This is a dask pipeline that runs the covariate extraction functions in
`katachi.tools.get_image_covariates` & `katachi.tools.get_cloud_covariates`
on datasets that have been initialized, segmented and feature-extracted
using other katachi pipelines.
WARNING: The approach used here has been developed for the Zebrafish
posterior lateral line primordium.
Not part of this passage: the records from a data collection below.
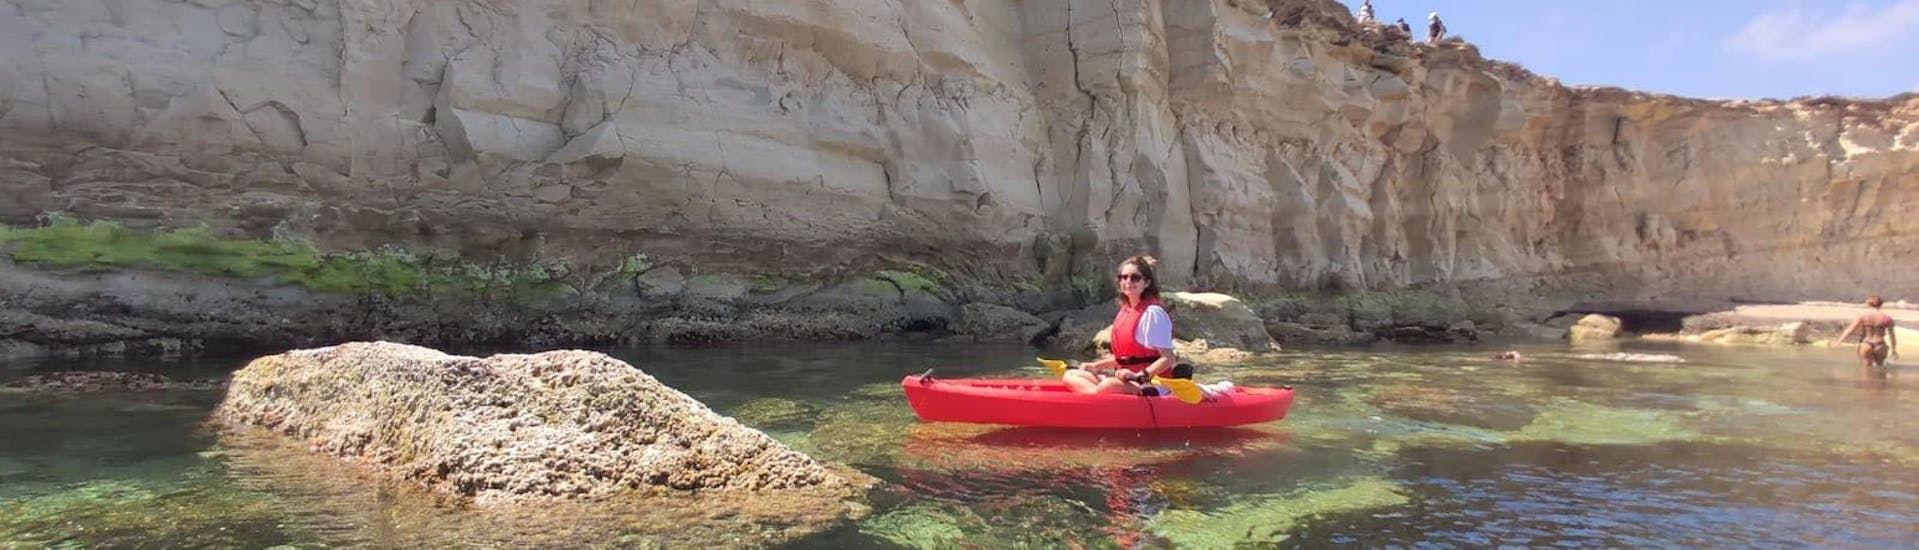 Une personne fait une Location de kayak de mer dans la baie de Saint-Thomas avec SIPS Watersports Malte.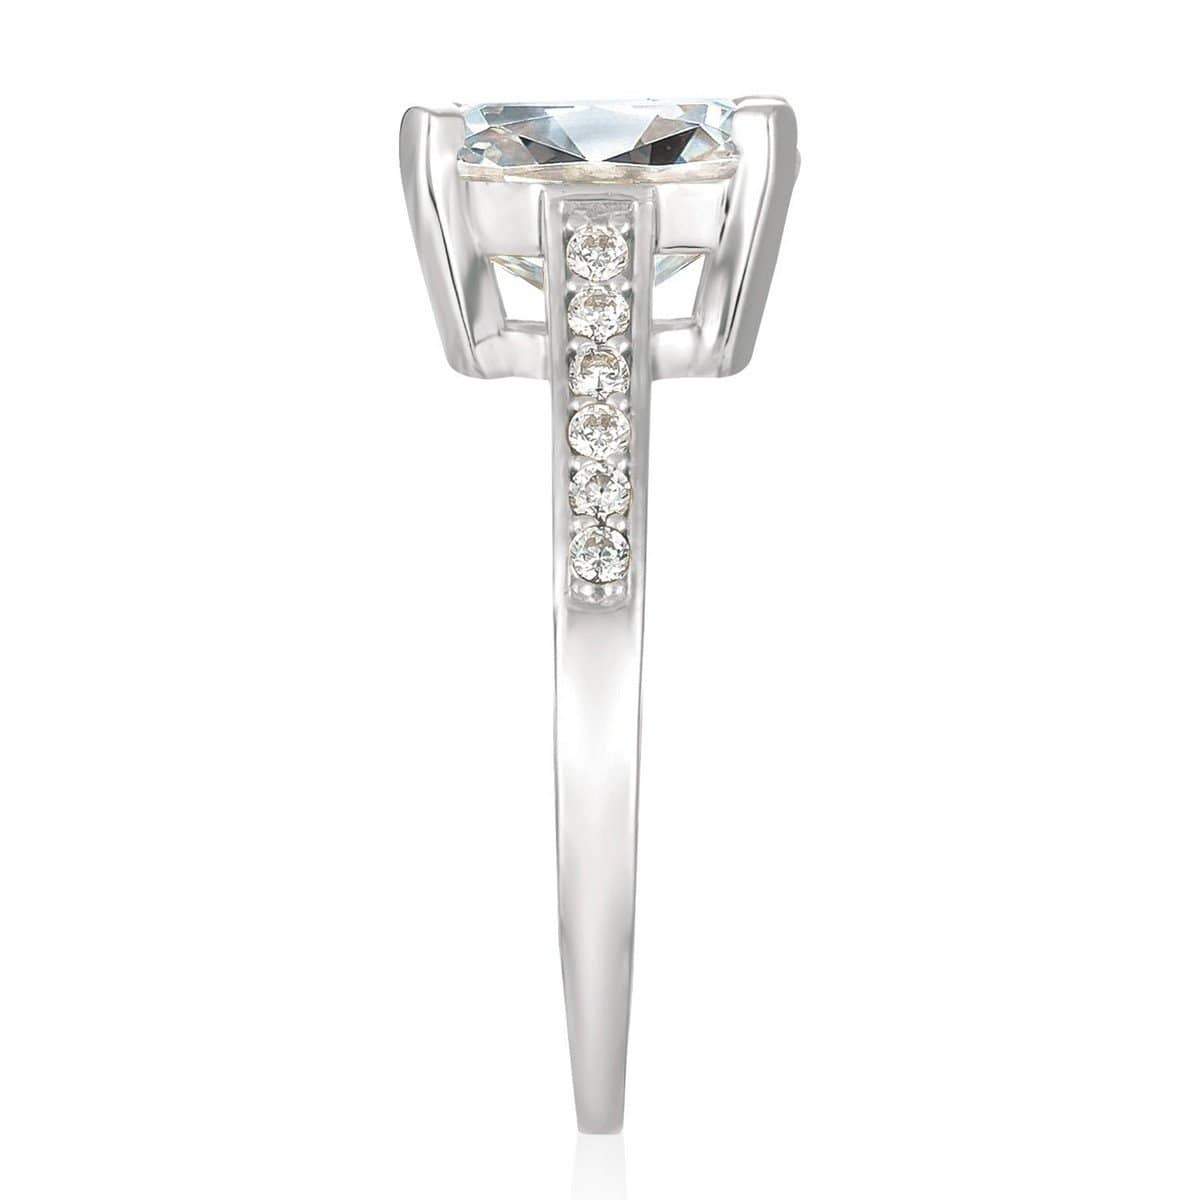 Crislu Jewelry CRISLU Radiant Cushion Cut Ring finished in Pure Platinum - Size 6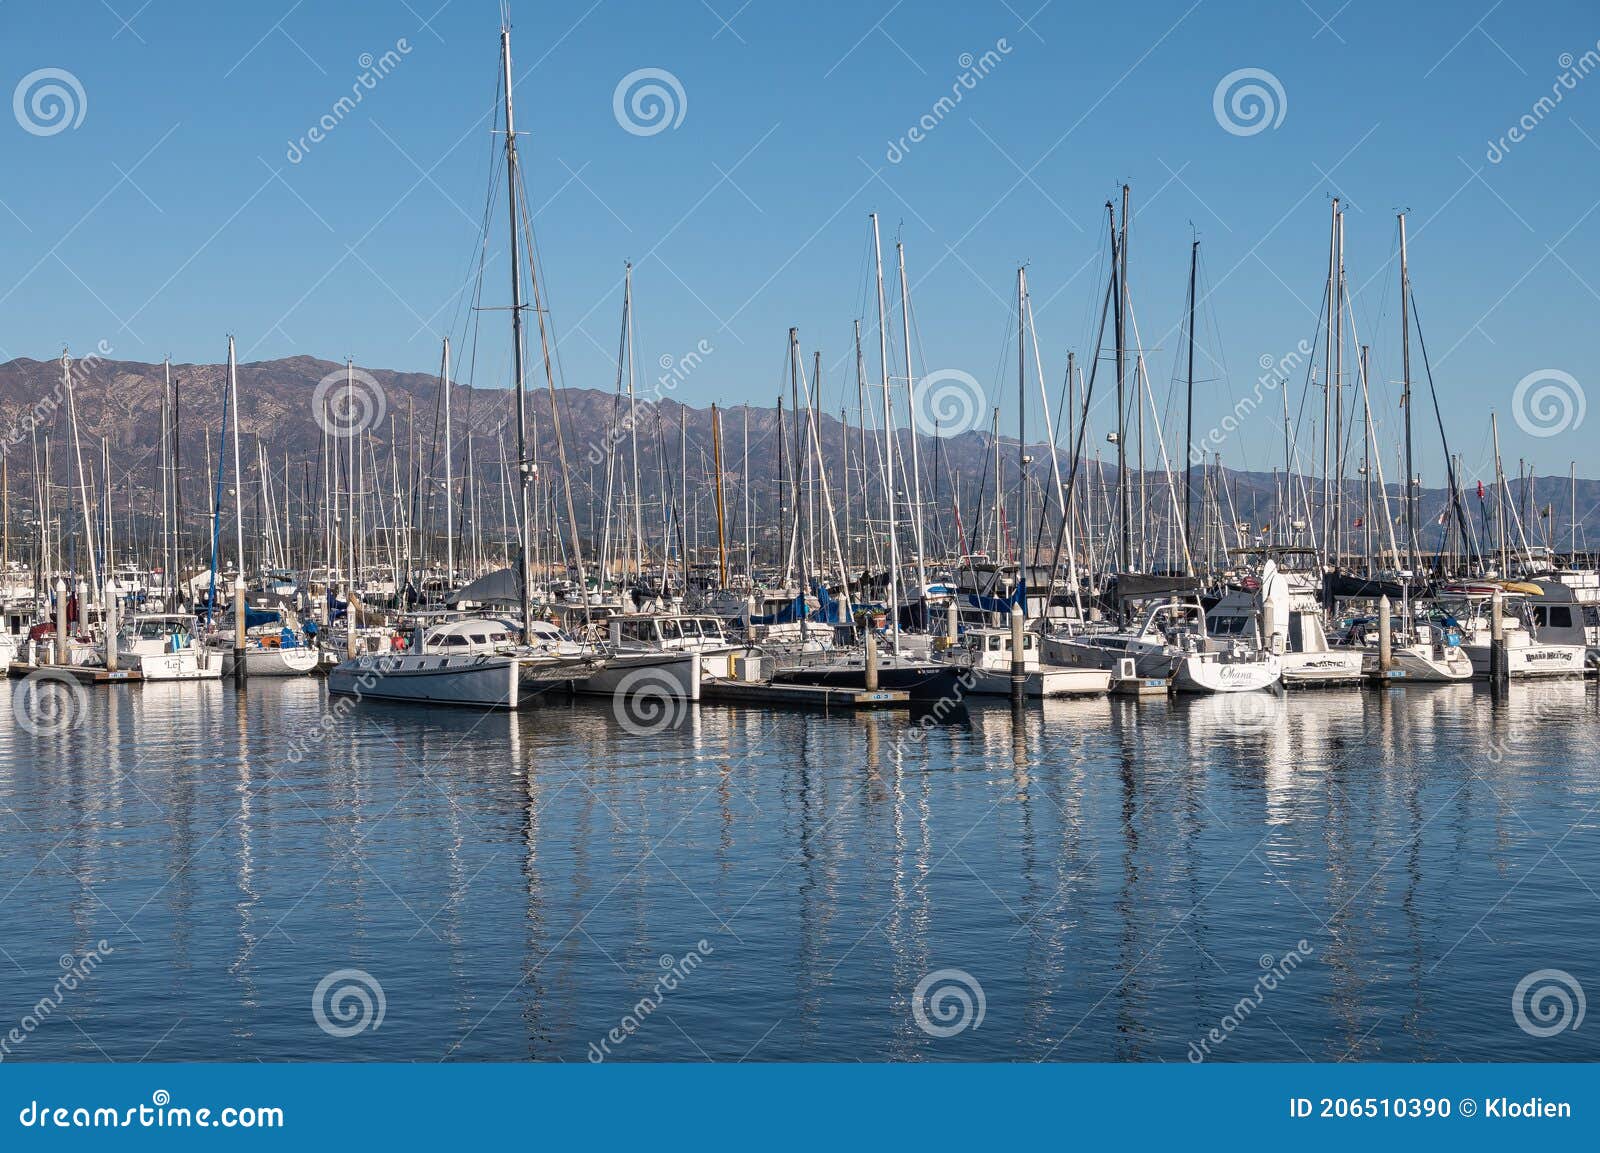 Many Yachts at Harbor of Santa Barbara, California, USA Editorial Image ...

It is likely not readily applicable to
other tissues!
Parameters
----------
dirpath : string
The path (either local from cwd or global) to the directory with the
input data to be processed.
channels : list
A list of channels from which to extract channel-specific covariates.
For each channel, a tif file must be present that ends on
`channel+".tif"` and a .npy file must be present that ends either on
`channel+"_LMs_TFOR.npy"` (recommended) or on `channel+"_LMs.npy"`.
The channels will be used as class attributes in the output object and
therefore must not contain characters incompatible with this use.
IDs : list of strings or None, optional, default None
If a list of strings (IDs) is given, only samples within dirpath that
match this ID will be processed.
recurse : bool, optional, default False
If True, files are searched recursively in the subdirs of dirpath.
overwrite_previous : bool, optional, default False
If True and a covariate file already exists for a given sample, that
file will be deleted and a completely new file will be written in its
place. If False and a covariate file already exists for a given sample,
the new covariates will be added to it if they have a different name.
For covariates with identical names, the new will overwrite the old.
seg_channel : str or "", optional, default ""
If for some reason the target directories are expected to contain more
than one file that ends on "_seg.tif", seg_channel can be specified to
identify the correct target file, which will have the form
`<basename> + seg_channel + "_seg.tif"`.
Note that having multiple segmentation files in one target directory is
deprecated in general.
no_lms : bool, optional, default False
If True, it is expected that no landmark data is available. In this
case, only image covariates are computed.
no_tfor : bool, optional, default False
If True, it is expected that no TFOR landmark data is available. In
this case, untransformed landmarks are loaded and covariates depending
on TFOR covariates are not computed (specifically pcl_covars_sample and
pcl_covars_tissue).
no_cfor : bool, optional, default False
If True, the CFOR-based moments and baseline will not be computed and
no CFOR data is required at any point.
mem_d : int, optional, default 3
Estimated diameter (in pixels) of the membrane region in the shell of a
single cell. Used for extraction of intensity-based covariates.
M : int, optional, default 8
Highest-level moments to extract from point cloud. The moments array
constructed will have shape (M+1,M+1,M+1).
save_baselines : bool, optional, default True
Whether to save the flattened moments arrays as feature space baselines
in the form (N_cells, N_features), where N_features is length (M+1)**3.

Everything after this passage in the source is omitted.